In The Beginning, There Was Negro Digest

After relocating from Arkansas to Chicago, Johnson attended Wendell Phillips High School and later DuSable High School, where his classmates included future movers and shakers in business, entertainment, and just about all walks of life, with Nat King Cole (singer), Redd Foxx (actor "Sanford and Son"), Dempsey Travis (mortgage banker), and Harold Washington (government, who in 1983 became the first African American elected mayor of Chicago) among them. Johnson excelled while a student at DuSable and served as president of the student council, president of his class, and editor of the school newspaper and class yearbook before graduating with honors. Following high-school graduation in 1936, Johnson enrolled part-time at the University of Chicago, where he had received a scholarship. To help his mother, Gertrude Johnson Williams, cover the family's expenses, he took a job at the Supreme Life Insurance Company, where he wrote and edited a monthly digest of news about African Americans for its president, Harry Herbert Pace. Increasingly, Johnson found himself to be more passionate about writing and editing the news digest for the president of Supreme Life than writing papers for college classes. His enthusiasm paid off, earning him an assignment to the company's monthly newspaper, The Guardian, first as assistant to the editor and then four months later as editor.

As he wrote in his autobiography (Succeeding Against the Odds, 1989) and has mentioned in numerous public speeches, Johnson felt himself drawn to the perils and promise of publishing and away from the security and predictability of a career in the insurance sector. He decided in 1942 that it was time to go independent and launch his own magazine. He named it Negro Digest, capitalizing on the notion that if Pace and other executives at Supreme Life had found his summary/digest of news about African Americans valuable and useful, there just might be a wider audience for similar information.

To make his vision of Negro Digest a reality, Johnson learned that he would need $500 capital. He pitched his business plan unsuccessfully to friends and co-workers. Convinced that there was a market for his product, Johnson decided to pursue his dream independently. However, no one would loan him the $500 that he needed unless he possessed collateral. Fortunately, his mother, a deeply religious woman who had prayed about his situation, believed in her son and allowed him to use her new furniture to guarantee the loan. That enabled Johnson to launch Johnson Publishing Company's first magazine in November 1942.

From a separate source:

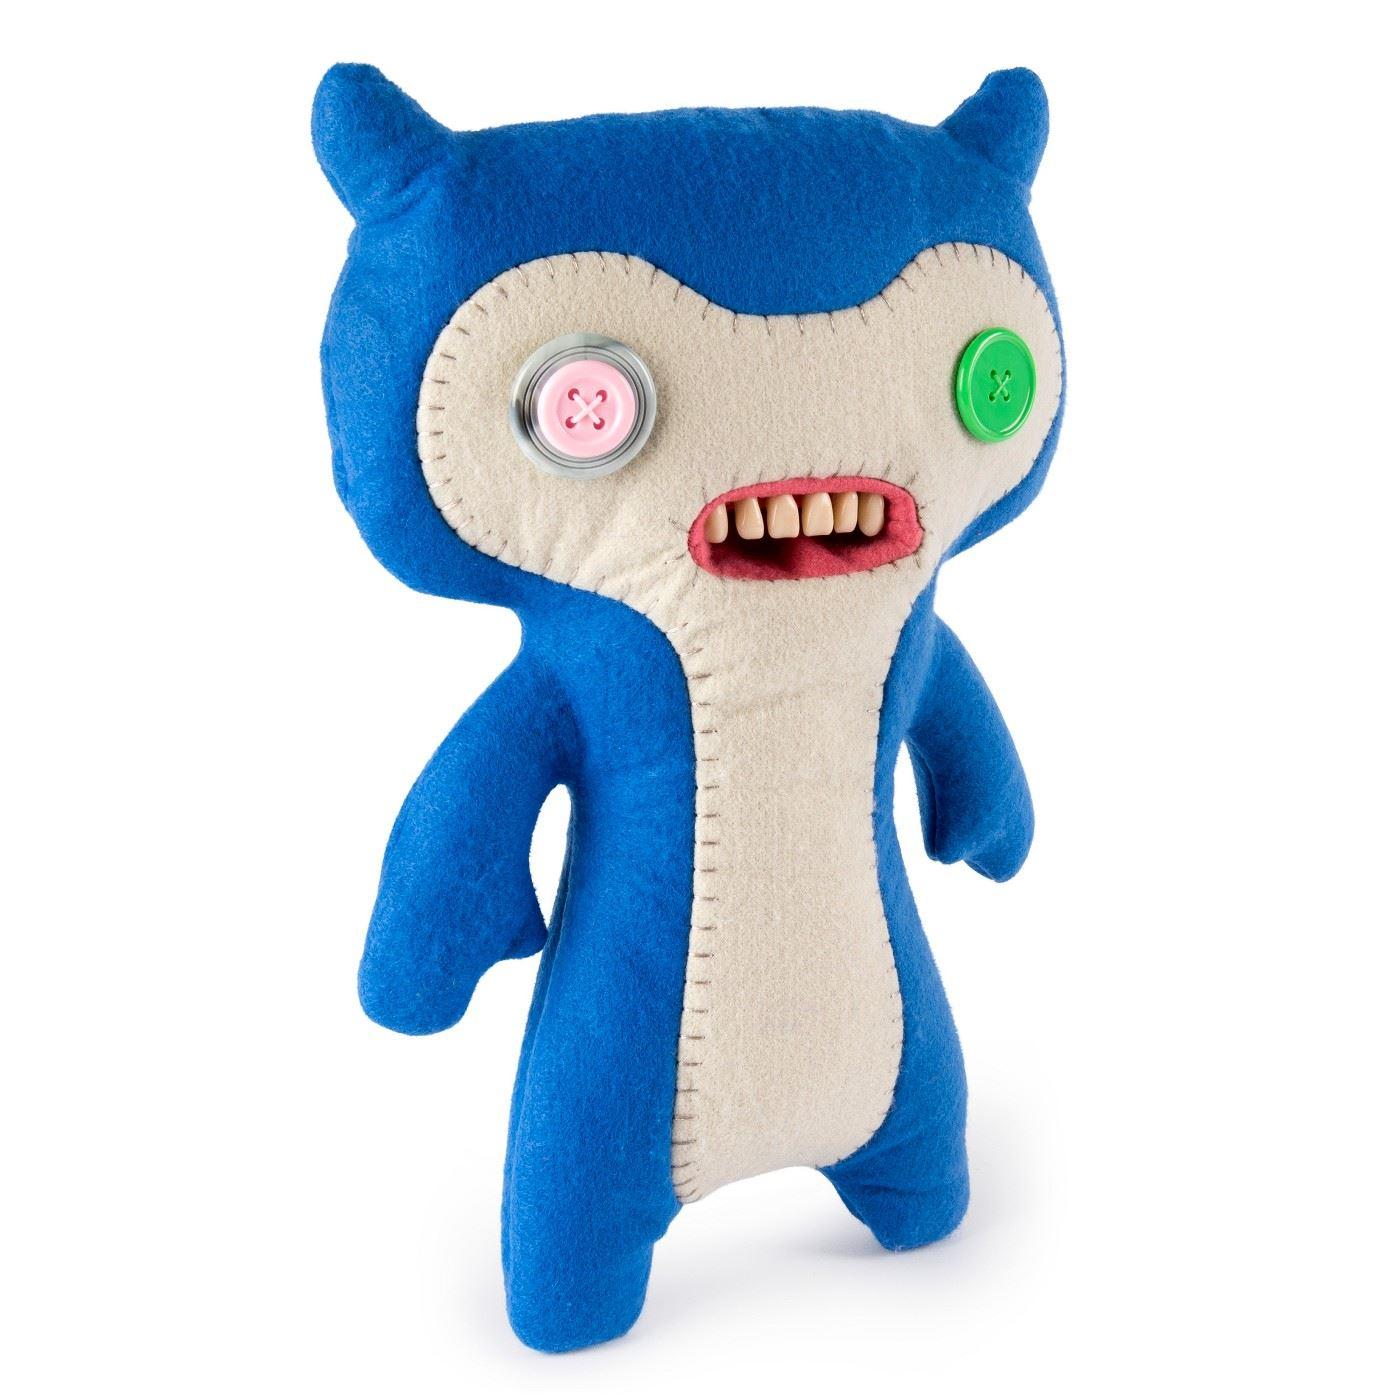 Fuggler-Funny-Uggly-Monsters-Blue-Red-Purple-Light-Red-Stuffed-Animal 縮圖 5

To stimulate sales, Johnson persuaded thirty of his friends to ask for Negro Digest at newsstands, creating demand. The strategy worked, and circulation climbed steadily. The magazine found a readership ready for stories that portrayed blacks in more favorable representations than the crime reports that were published in most newspapers. Also, to draw attention to his new publication, Johnson came up with the idea of running a series of articles written by prominent whites on the topic "If I Were A Negro," with the first article being written by Eleanor Roosevelt, wife of President Franklin D. Roosevelt. Almost overnight circulation jumped to 100,000.

Building on his success with Negro Digest, Johnson launched Ebony in 1945, modeling it after Life and Look magazines. Unlike most African American newspapers that, since the founding of Freedom's Journal in 1827, had envisioned themselves as advocacy instruments to champion the cause of blacks and protest injustice in the United States, Ebony proclaimed that it would reflect the more positive aspects of life. "We're rather jolly folks, we're Ebony editors," Johnson wrote in the inaugural November 1945 issue of the magazine. "Sure, you can get all hot and bothered about the race question (and don't think we don't) but not enough is said about all the swell things we Negroes do and accomplish." Johnson felt that America, particularly African Americans, needed a beacon to divert attention away from the stigma and stereotypes of racial prejudice to the achievements of blacks. In that very first issue of Ebony he promised: "Ebony will try to mirror the happier side of Negro life—the positive everyday achievements from Harlem to Hollywood."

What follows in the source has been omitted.